As a B.C. resident for the bulk of my life, and a reporter who got her start in the early days of the post-2001 Liberal landslide, you'd think I'd be unflappable now when it comes to decisions out of Victoria.

But my mouth dropped at this week's news of campsite fee increases. Actually, if I'm being honest, my stomach knotted up: it's a kick to the gut to discover that one more thing that you want desperately to give your kids may be slipping through your fingers.

I get it: the halcyon days of affordability are gone. Trust me, I live that reality every single day. I live in the metro Vancouver area (albeit in a wildly more affordable area than Vancouver itself would be), I have two kids, my electric and gas and property tax and telecommunications bills seem to sneak up by inches every single year. We are a (mostly) one income family. Inflation is nipping at our heels.
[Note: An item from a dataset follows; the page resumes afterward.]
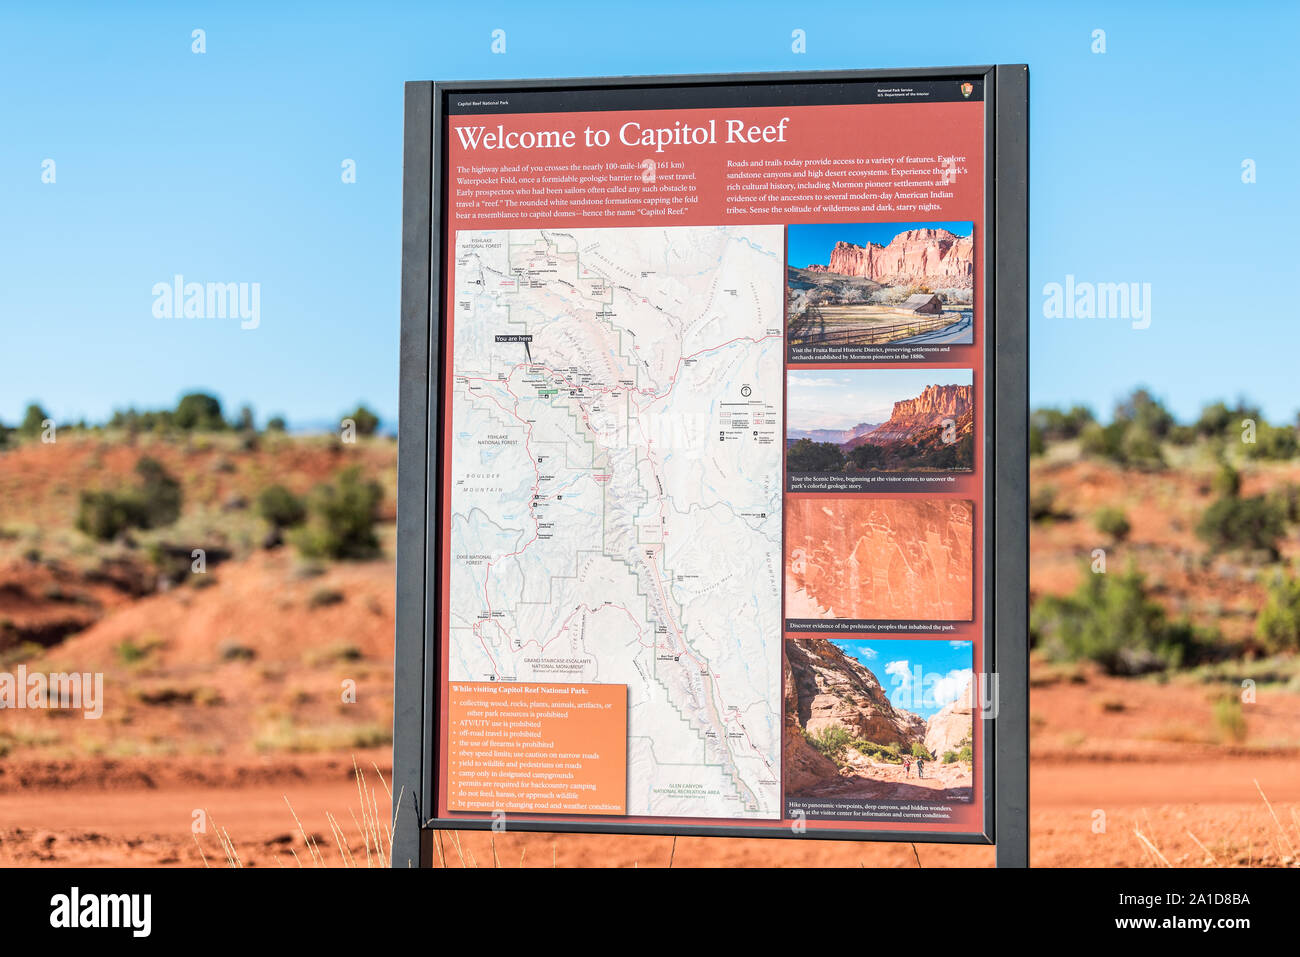 Fruita, USA - August 1, 2019: Welcome sign in Capitol Reef National Monument in summer with map and guide Stock Photo

And I realize that the costs that affect me on an individual level affect the government coffers on a provincial level - it costs more to heat school buildings than it did 20 years ago, it costs more to pave roads, it costs more to do everything.

I get it, I really do.

But I could barely afford the camping trips we did last year. I spent more than $100 in reservation and fees and extra-car charges before I'd even packed a single bag. Before I put gas in the car, bought hot dogs and marshmallows, purchased necessary gear for my kids, bought wood.

When I was young, I saw most of B.C., and every province between here and the Atlantic. I camped through Arizona, California, South Dakota, Utah. I camped on P.E.I. and in Nova Scotia. I felt the wind blow through giant redwoods, and over deserts, and walked through forests dripping with moss. I stood in waterfalls still frigid from the glacier masses they'd melted from, wandered historic forts, stared in awe at Mount Rushmore, and touched dinosaur bones in Alberta. I looked down at Plymouth Rock, saw mirages that looked like lakes. I stepped out of a tent onto gravel and walked fifteen minutes through winding paths and over sand dunes to watch the roar of waves crash down on the Oregon coast, knowing that the water that came tickling at my toes had once kissed the coast of Asia or of Australia.

Camping made this possible. Affordable camping made this possible.

My kids will be lucky if we get to Squamish or Golden Ears this year.

According to the press release, the increases will generate $1.3 million in additional revenues, all of which will be reinvested in the park system.

I suppose I should give kudos to the government for finding a way to continue to support the parks system from within the system itself. It costs money to make wild spaces available to the public, to preserve what we have, and to make sure it still exists for future generations.

But surely there's a better way than nickel-and-diming families that are already on the knife edge.

I have no doubt the parks will stay busy and those long weekends will see every campsite full. Most people will absorb the new fee. Others will simply begin to opt out. And a generation of kids that need to stand in waterfalls from glaciers and go to historic forts and smell pine trees and have their toes kissed by water from the other side of the planet will instead stay home.

In a world increasingly concerned about our disconnection from the very planet on which we exist, I'd say that qualifies as a tragedy.

Christina Myers is a freelance writer and a former Burnaby NOW reporter.